KABUL, Afghanistan - U.S. Defense Secretary Donald H. Rumsfeld and Afghan President Hamid Karzai said yesterday that the Taliban pose no threat to the security of Afghanistan, despite news of a fresh attack on aid workers attributed to remnants of the fundamentalist regime.
"I've not seen any indication that the Taliban pose any military threat to the security of Afghanistan," said Rumsfeld, addressing reporters alongside Karzai after his sixth visit to Afghanistan in the two years since the Taliban regime was toppled.
Karzai said he was being contacted on a daily basis by Taliban leaders seeking to be allowed to return home, in a sign that the movement is finished as a political force.
"The Taliban doesn't exist anymore," Karzai said. "They're defeated. They're gone."
The upbeat assessments coincided with another attack on aid workers that closely resembled previous attacks attributed to the Taliban, this one on the outskirts of the capital, Kabul.

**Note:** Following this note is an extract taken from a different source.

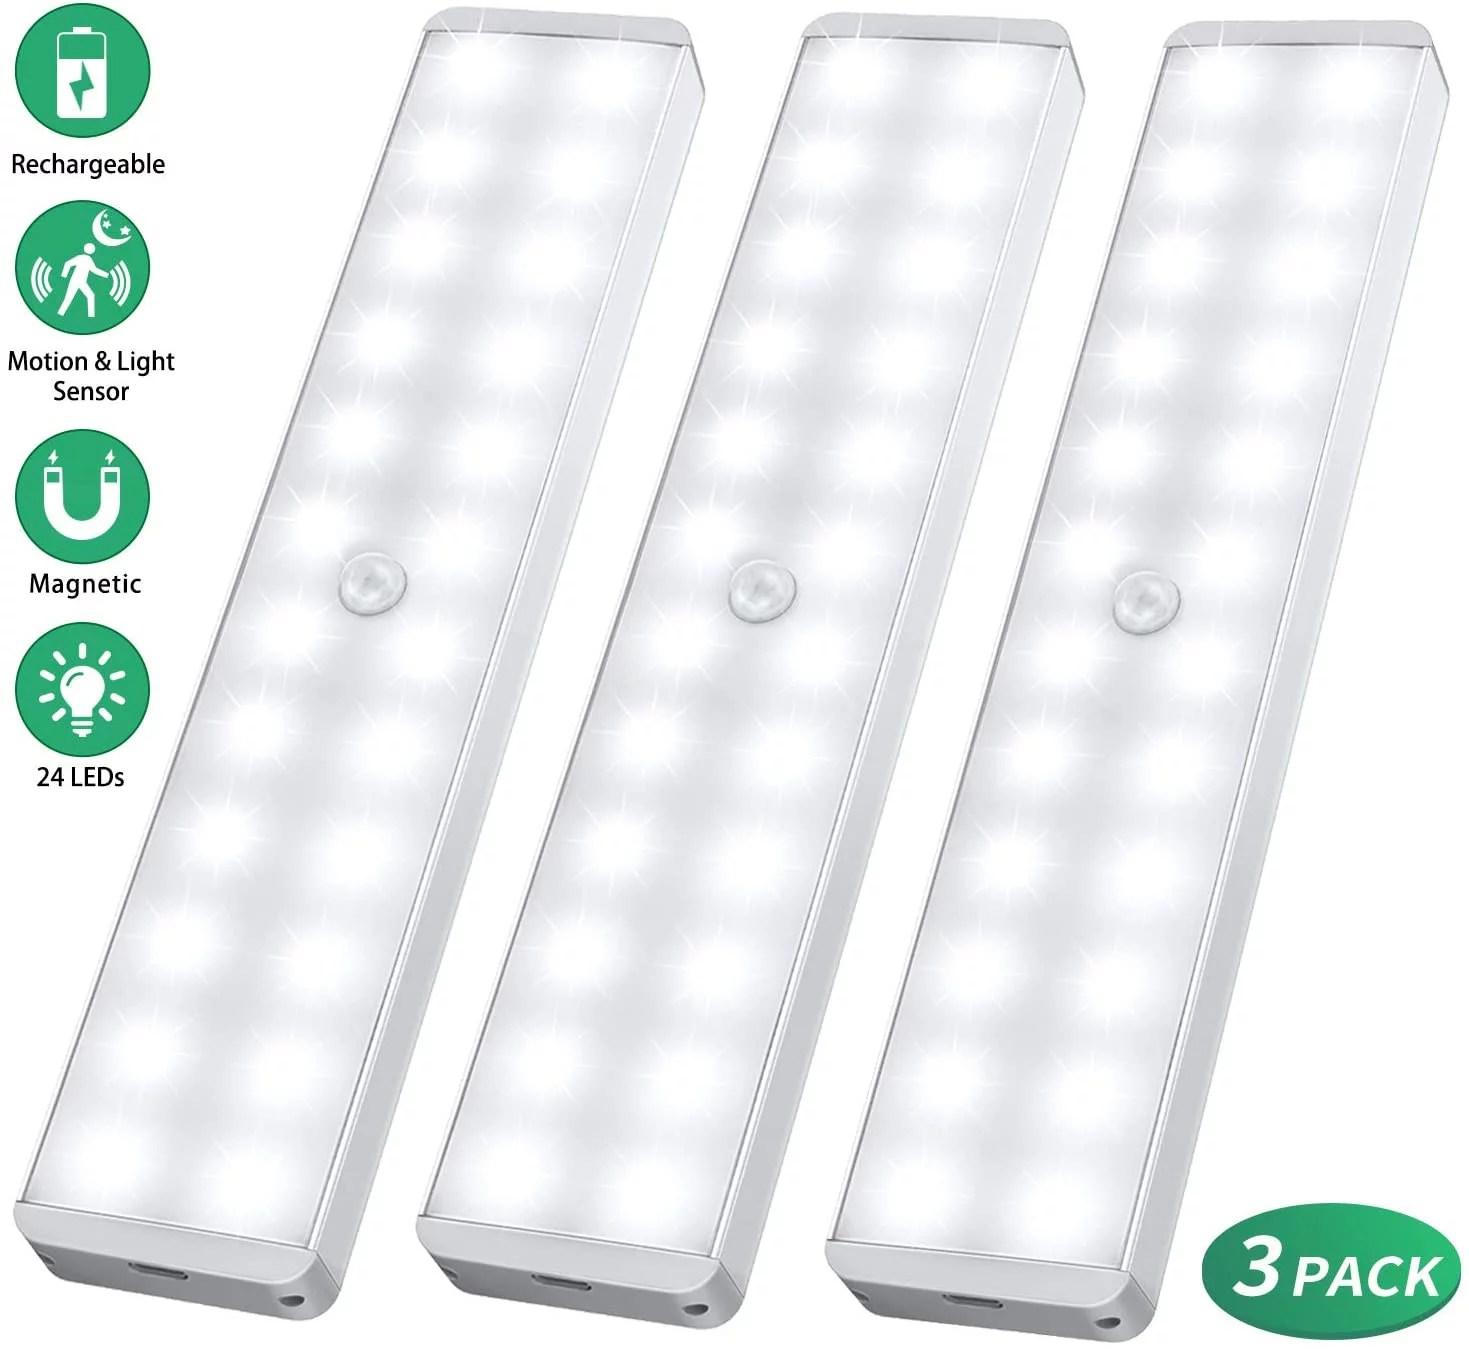 led closet light 24 led newest version dimmer motion sensor closet light under cabinet wireless night light bar suitable for stick anywhere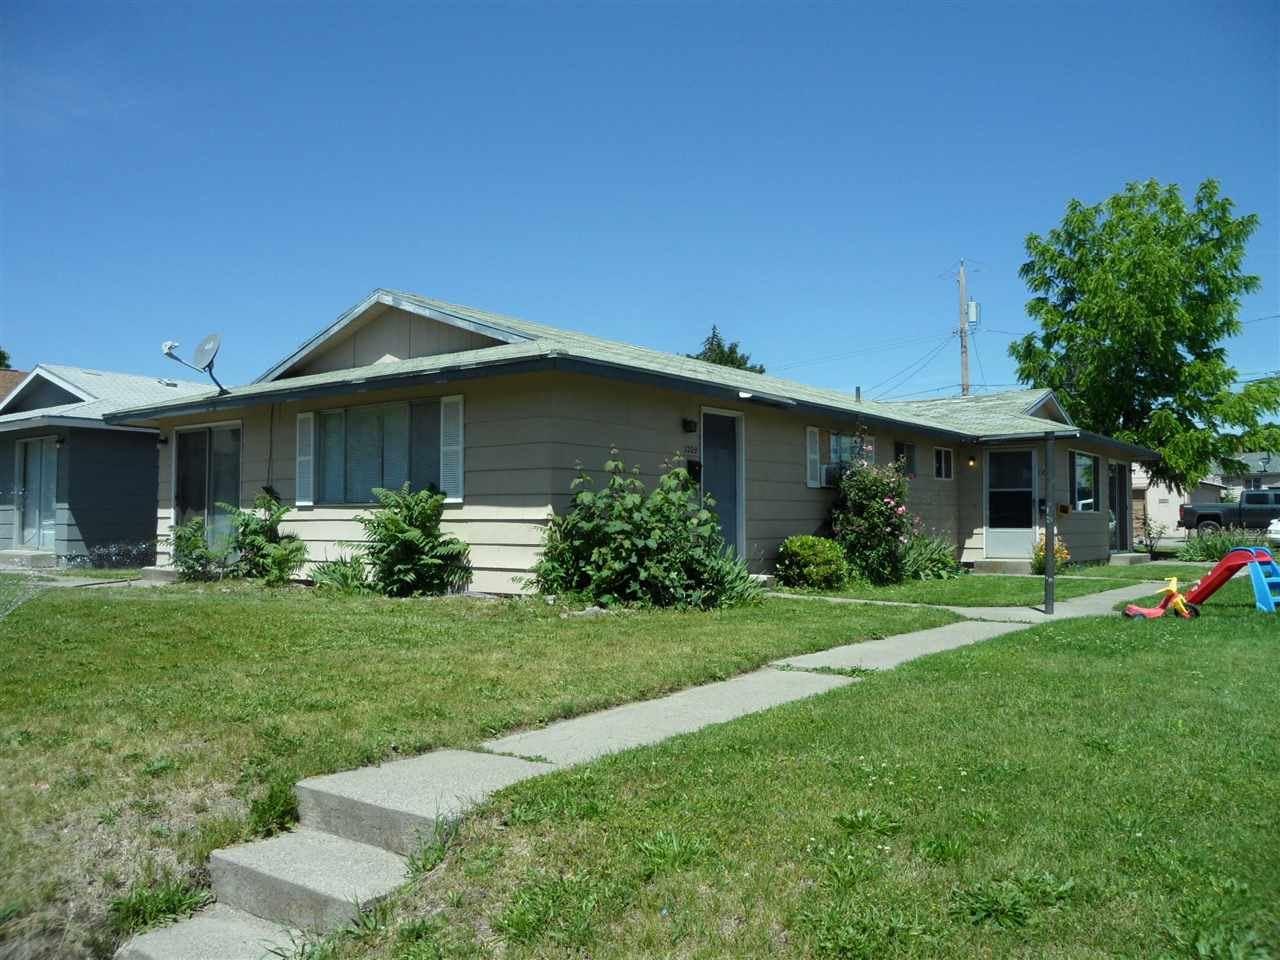 1225 E Nora Ave #1223 E Nora Ave, Spokane, WA 99207 - #: 202018008

Five aid workers with an Afghan non-governmental organization, Sanayee Development Foundation, were killed in Surobi, a rural district of Kabul province, by two men who stopped their car, ordered them to stand in line and then shot them one by one.
Three other members of the group escaped and reported that the assailants had jeered at the aid workers for "living in luxury while our friends are in prison in Cuba," a reference to the hundreds of suspected Taliban and al-Qaida prisoners detained at Guantanamo Bay, according to Dad Mohammed Dalili, director of the agency's Kabul office.
Asked about the incident, Karzai said that not all the violence in Afghanistan could be attributed to the Taliban and that robbery and banditry are also to blame.
But in this instance, Dalili said he was sure robbery was not the motive for the attack. The assailants raked the aid workers' vehicle with gunfire but did not steal it, and they did not take valuables or money from their victims, he said.
"They were probably Taliban or people related to terrorists," he said. The agency had been helping organize local elections in rural villages in the area and had previously alerted the Kabul police that the village from which the executed aid workers were returning that day was "a nest of Taliban," he said.